本申请的说明书和权利要求书及上述附图中的术语“第一”、“第二”等是用于区别类似的对象,而不必用于描述特定的顺序或先后次序。应该理解这样使用的术语在适当情况下可以互换,这仅仅是描述本申请的实施例中对相同属性的对象在描述时所采用的区分方式。此外,术语“包括”和“具有”并他们的任何变形,意图在于覆盖不排他的包含,以便包含一系列单元的过程、方法、系统、产品或设备不必限于那些单元,而是可包括没有清楚地列出的或对于这些过程、方法、产品或设备固有的其它单元。
随着技术的飞速发展,云服务系统的规模越来越大。云服务系统通常包含多个工作节点和管理节点,其中,每个工作节点上部署有多个云实例,管理节点可对所有云实例进行集中管理。
为了便于说明,以云实例为容器(docker)进行介绍。目前,云服务系统以kubernetes作为容器的管理标准,可对容器实现编排部署、灰度升降级、自动扩缩容等功能。在自动伸缩功能中,kubernetes可支持两种自动两种自动伸缩方法,分别为VPA和HPA。如图1所示(图1为VPA的一个示意图),在VPA中,管理节点可基于某个工作节点中pod的资源占用率计算出pod的资源配额推荐值,并发送至该工作节点。当该工作节点创建pod时,可基于该推荐值为pod设置新的资源配额,例如,增大pod的资源配额(也就是增大分配给pod的资源量,即对pod进行扩容)或减小pod的资源配额(也就是减小分配pod的资源量,即对pod进行缩容)。
前述过程中,由于修改pod的资源配额的时间点,只能在创建pod的时候。当需要修改某个pod的资源配额时,工作节点只能先释放该pod,并在重新创建该pod时才能实现资源配额的修改,这样会导致该pod运行的业务中断。

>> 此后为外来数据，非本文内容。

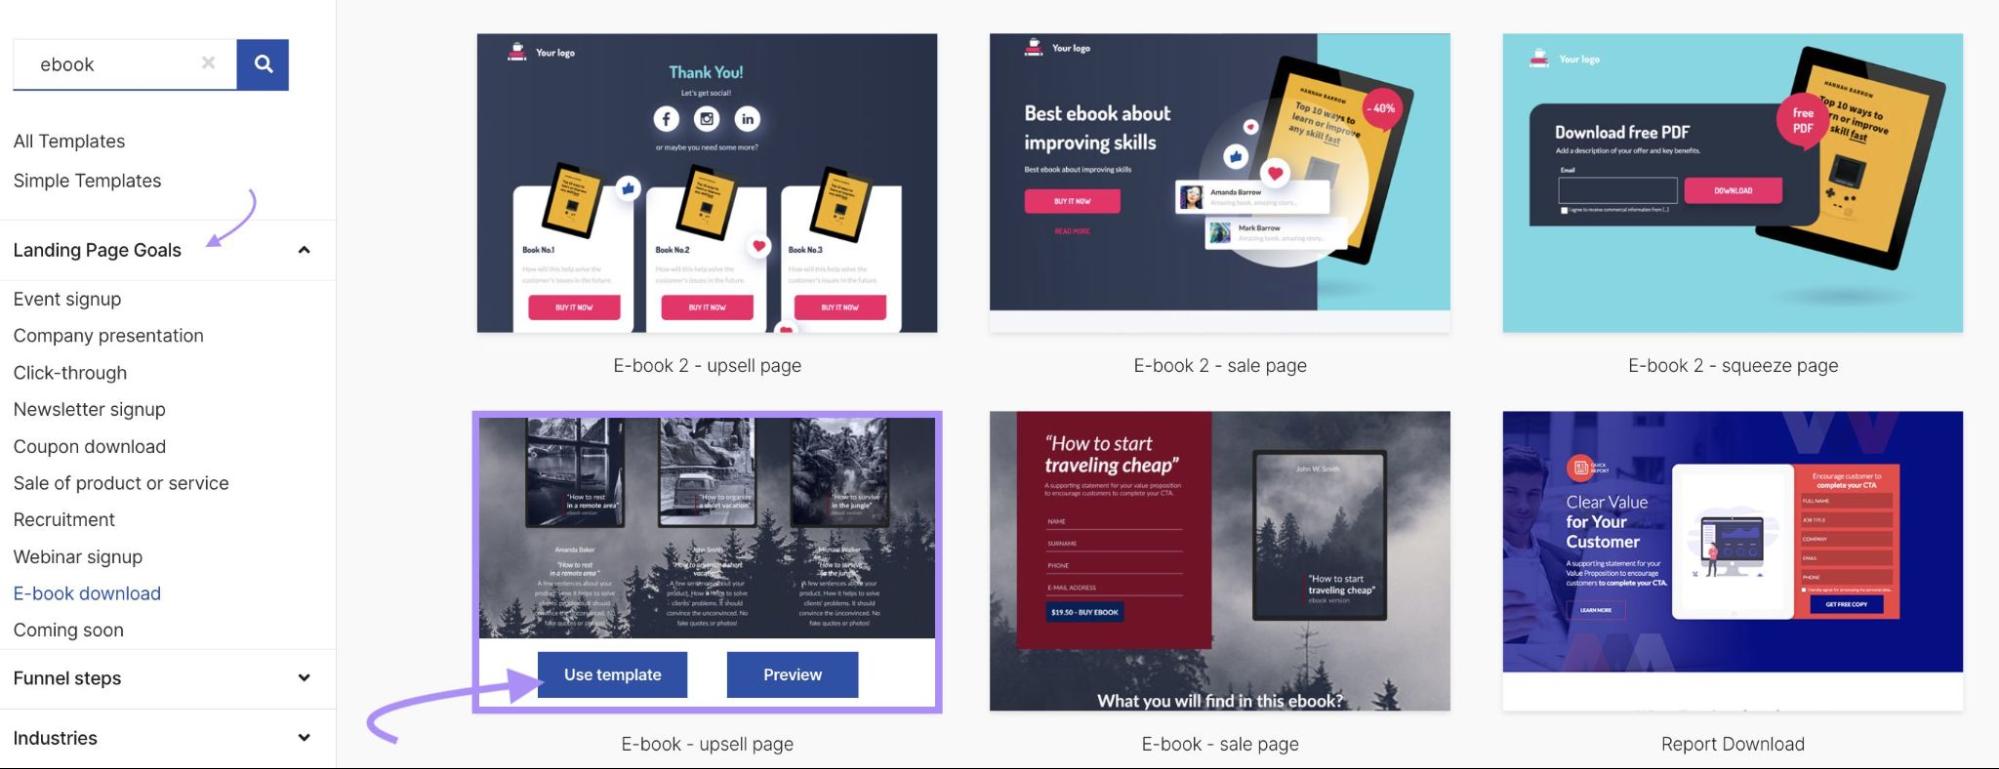 Landing Page Goals section with a template selected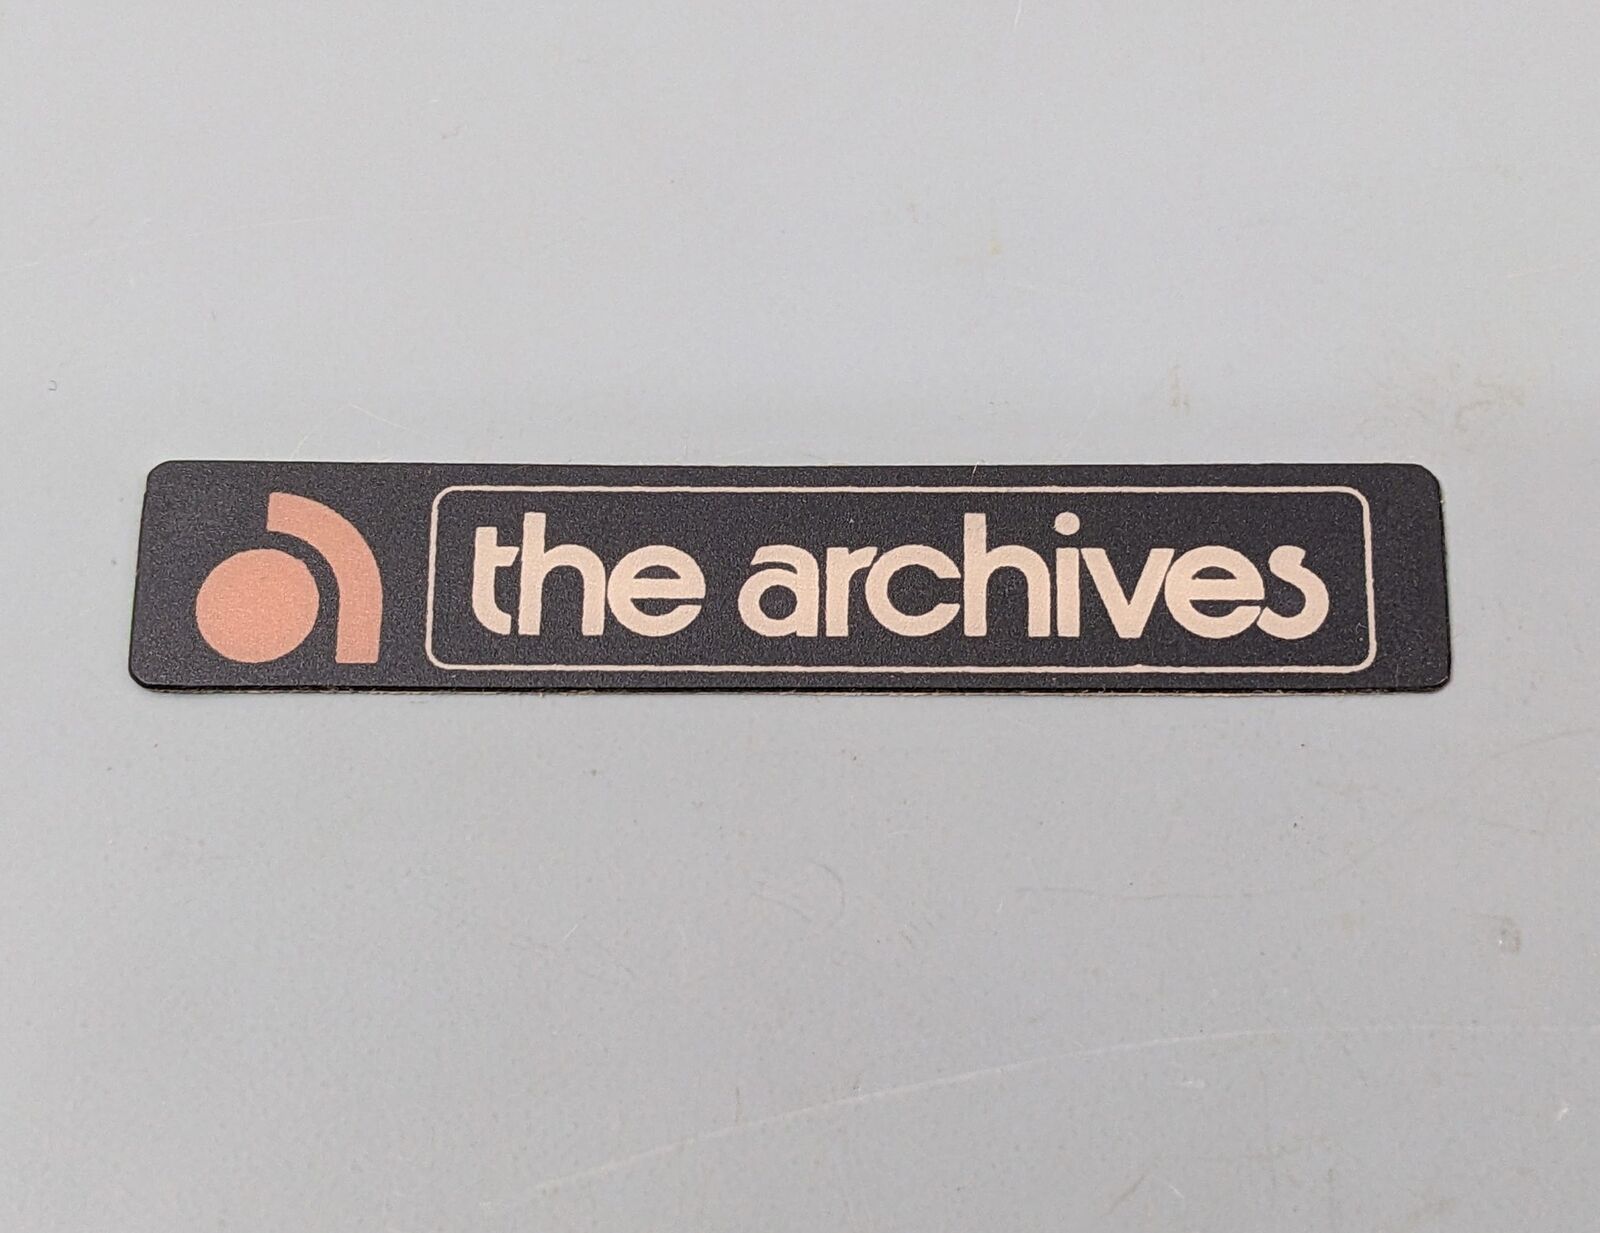 THE ARCHIVES - Vintage Computer Label, Rare Tag, Sticker, New Old Stock

为了解决上述问题,本申请实施例提供了一种云实例的扩缩容方法,该方法可应用于如图2所示的云服务系统中(图2为本申请实施例提供的云服务系统的一个结构示意图),该系统所适用的云场景包含公有云、私有云、混合云等场景,该系统包含管理节点和多个工作节点,管理节点用于集中管理这多个工作节点,下文将分别对管理节点和工作节点进行介绍:
管理节点,通常为单独的一台物理服务器(也可以称为网络设备)。管理节点内设置有多 个功能模块,分别为应用程序接口(application programming interface,API)、调度器(scheduler)、主控器(controller-manager)以及数据库(data base,DB)。其中,API可理解为云服务系统的接口,用户可通过API在工作节点上创建云实例。调度器可用于调度云实例到合适的节点上,调度器往往是可替换的组件,其形式可根据不同厂商的要求自行进行设置,此处不做限制。主控制器用于实现云服务系统中各个工作节点以及各个云实例的资源管理等功能。数据库用于存储云服务系统中的配置信息,例如,各个云实例的资源配额等等。

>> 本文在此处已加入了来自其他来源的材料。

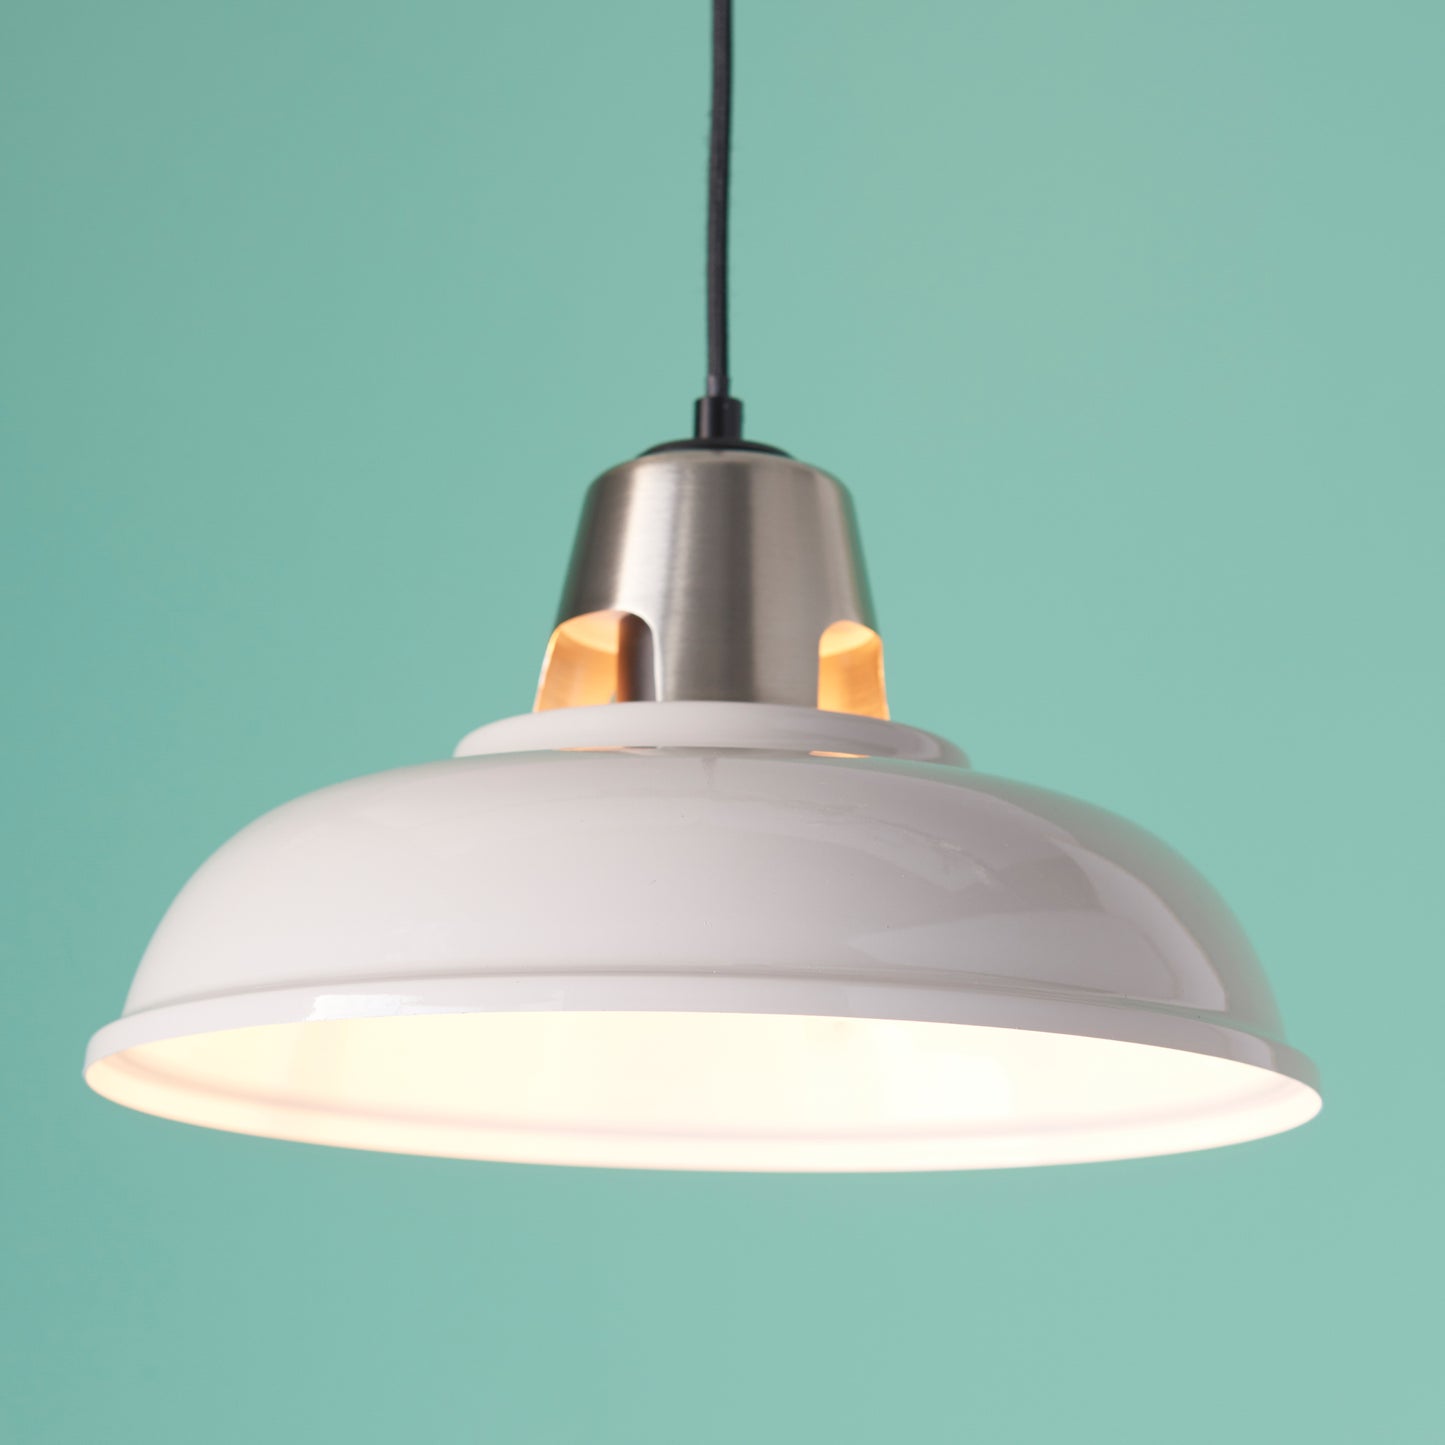 A white Staverton Shade Taupe pendant light hanging on a turquoise background, adding elegance to your interior decor.

工作节点,通常也为单独的一台物理服务器。基于虚拟化技术,工作节点的操作系统(operating system)之上可部署有节点代理(kubelet)以及多个云实例。其中,操作系统用于实现工作节点的硬件资源管理。节点代理作为工作节点上的代理进程,用于管理工作节点上的所有云实例,包括生命周期的管理,资源配置等等。云实例可通过多种形式呈现,例如,一个云实例可以为一个虚拟机(virtual machine,VM),又如,一个云实例可以为一个容器(docker)。再如,一个云实例可以为一组虚拟机。还如,一个云实例可以为一组容器(也可以称为一个pod)等等。可以理解的是,工作节点自身包含一定的硬件资源(计算资源、存储资源和网络资源等等),节点代理可为每个云实例设置一个资源配额,每个云实例的资源配额即为分配至该云实例的资源量(包含计算资源量、存储资源量和网络资源量等等),且节点代理可管理和调整所有云实例的资源配额。

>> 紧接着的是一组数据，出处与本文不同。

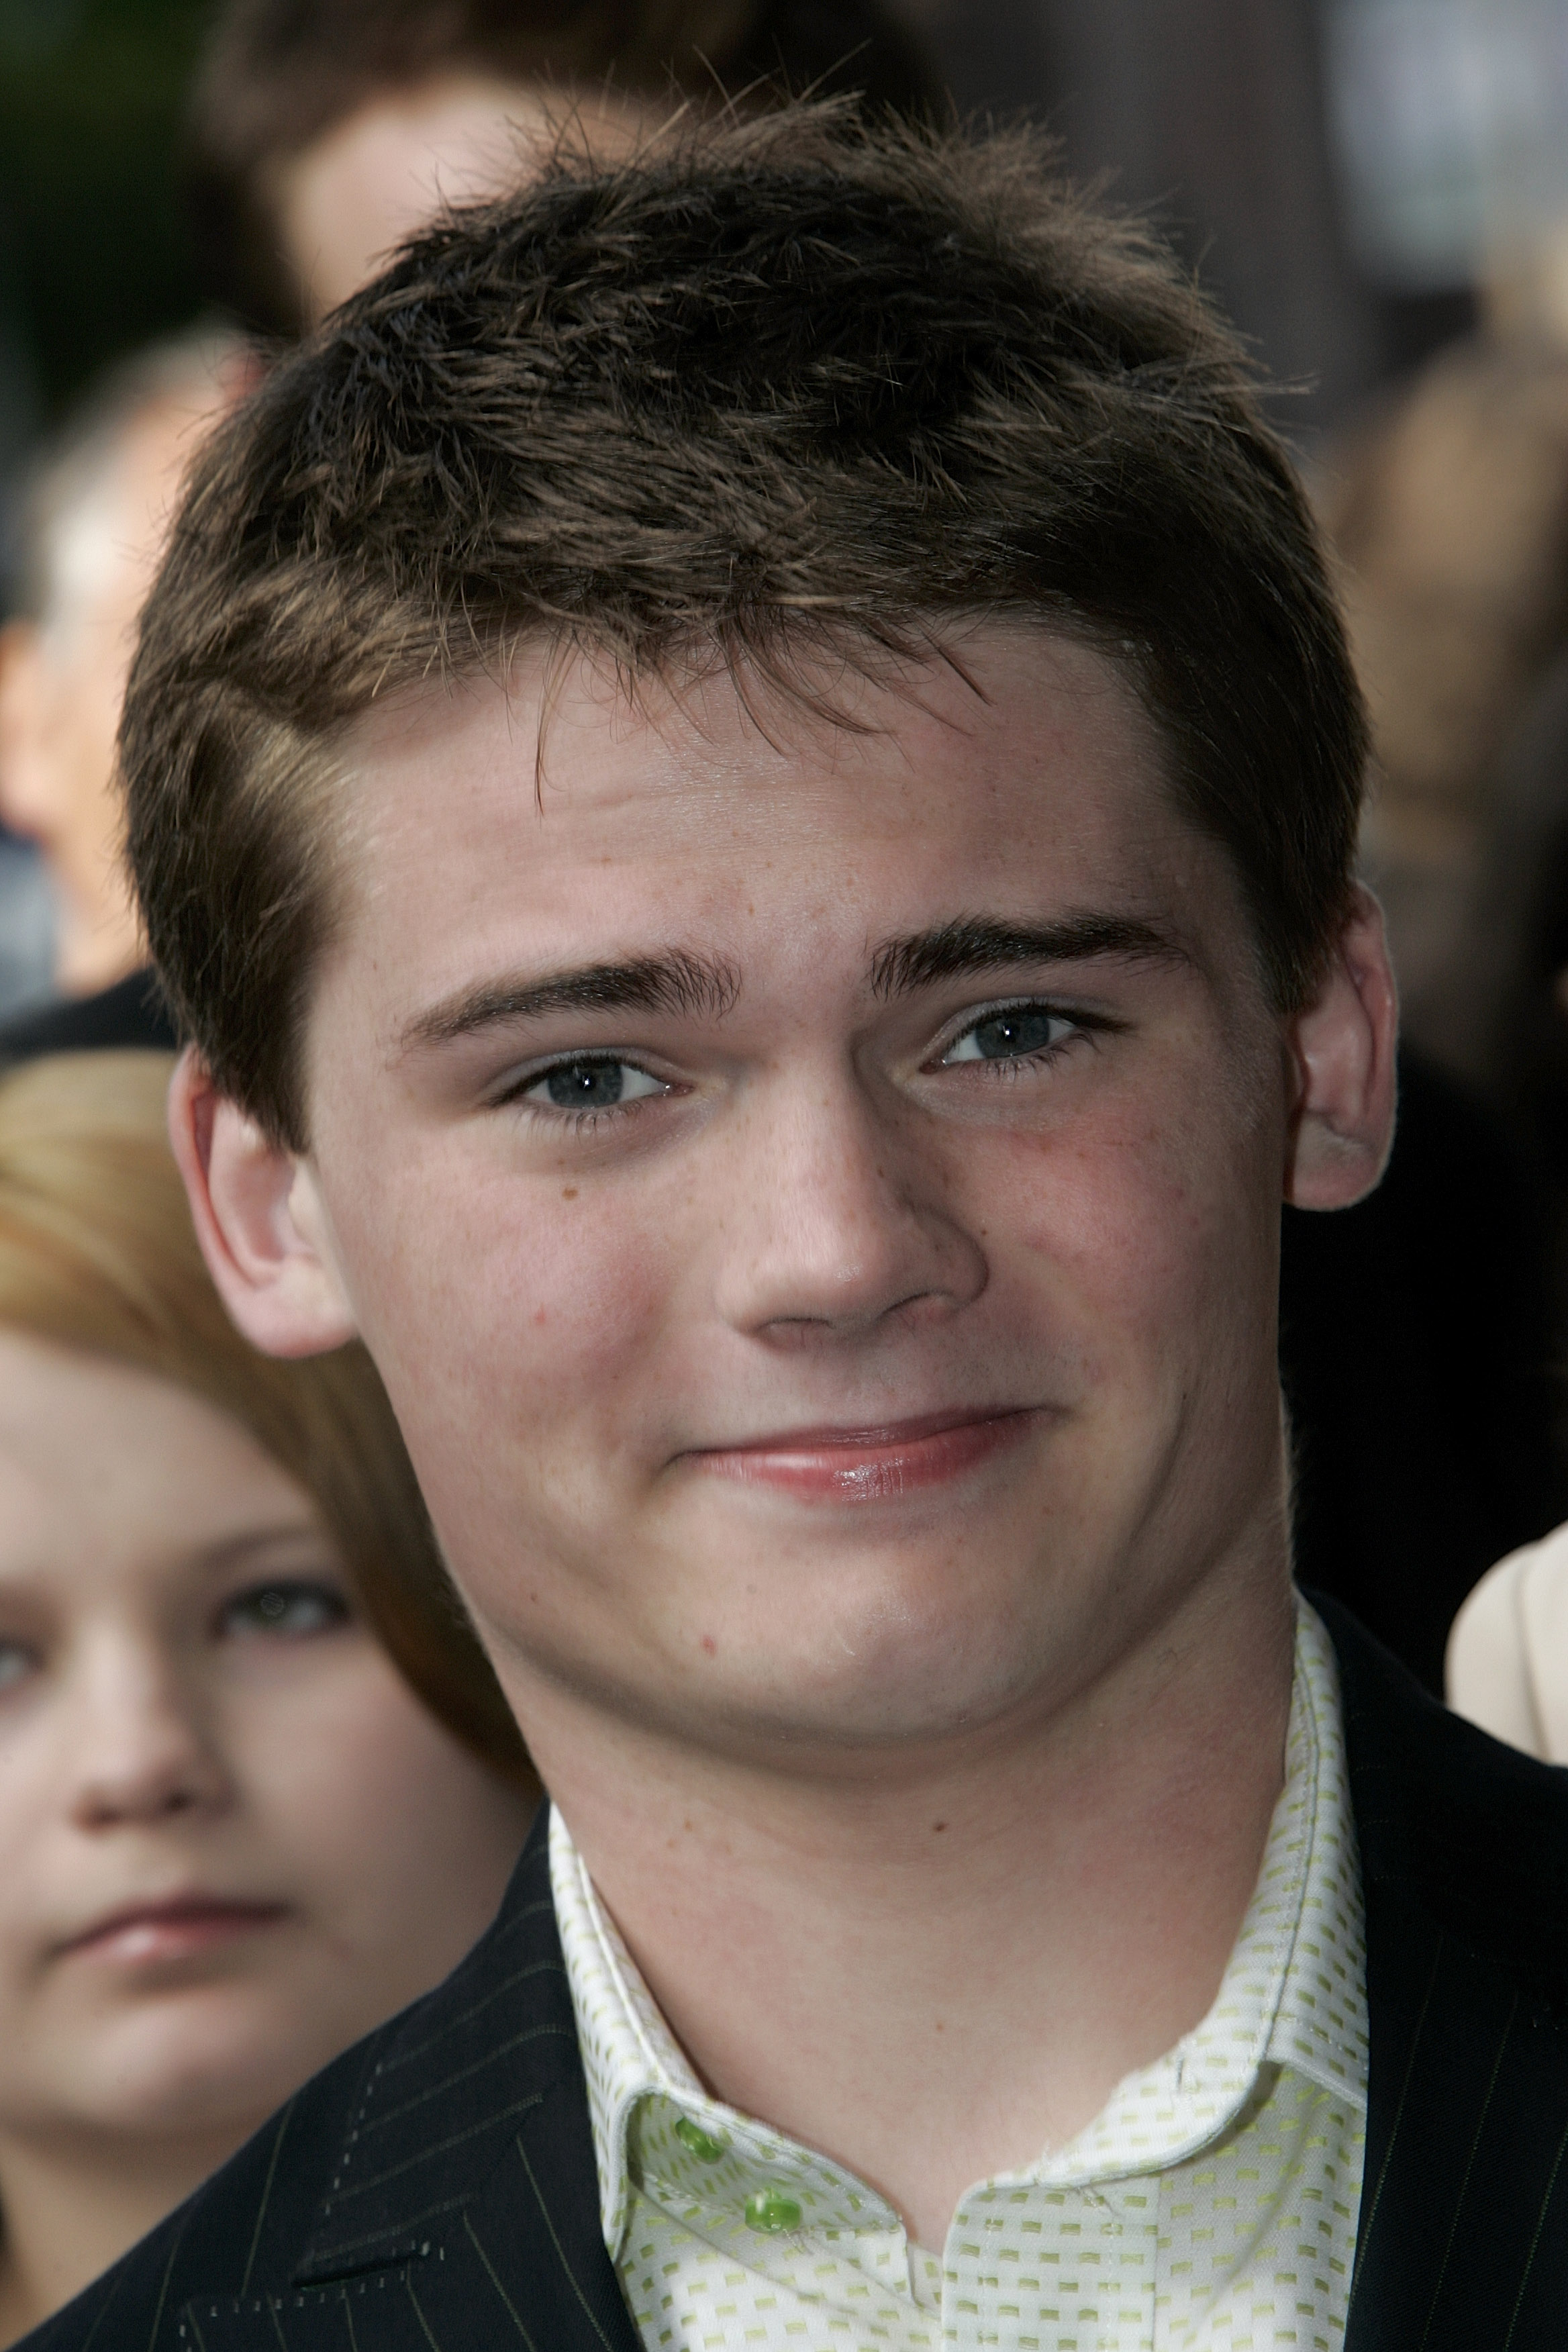 Jake Lloyd on May 12, 2005, in San Francisco, California. | Source: Getty Images

需要说明的是,如图3所示(图3为本申请实施例提供的云服务系统的另一结构示意图),对于某个工作节点而言,该工作节点的节点代理设置有伸缩接口(scaleAPI)供该工作节点的云实例调用,且在该工作节点的节点代理和该工作节点的云实例之间构建了双向通道,故二者可实现相互通信。具体地,该工作节点的云实例可自行根据自身的状态信息判断是否需要进行扩缩容,在确定需要进行扩缩容后,向该工作节点的节点代理发起自动伸缩请求,以使得该工作节点的节点代理基于该请求对该工作节点的云实例进行扩缩容。
值得注意的是,在节点代理中增加伸缩接口及实现,这部分需要侵入式修改节点代理功能,或者开发成插件。节点代理与云实例之间的双向通道,无需侵入式修改,只需配置相关网络通路即可。
为了进一步理解前述扩缩容的过程,下文将分别从云实例的扩容和云实例的缩容这两个方面对该过程做进一步的介绍。首先对云实例的扩容过程进行说明,图4为本申请实施例提供的云实例的扩容方法的一个流程示意图,需要说明的是,该方法可应用于前述图2或图3所示的云服务系统,该方法的执行主体可为云服务系统中多个工作节点的任意一个工节点,下文将该工作节点称为第一工作节点。如图4所示,该方法包括:
401、第一工作节点获取多个云实例的状态信息。
402、第一工作节点基于状态信息,在多个云实例中确定待扩容的云实例以及扩容所需的资源量。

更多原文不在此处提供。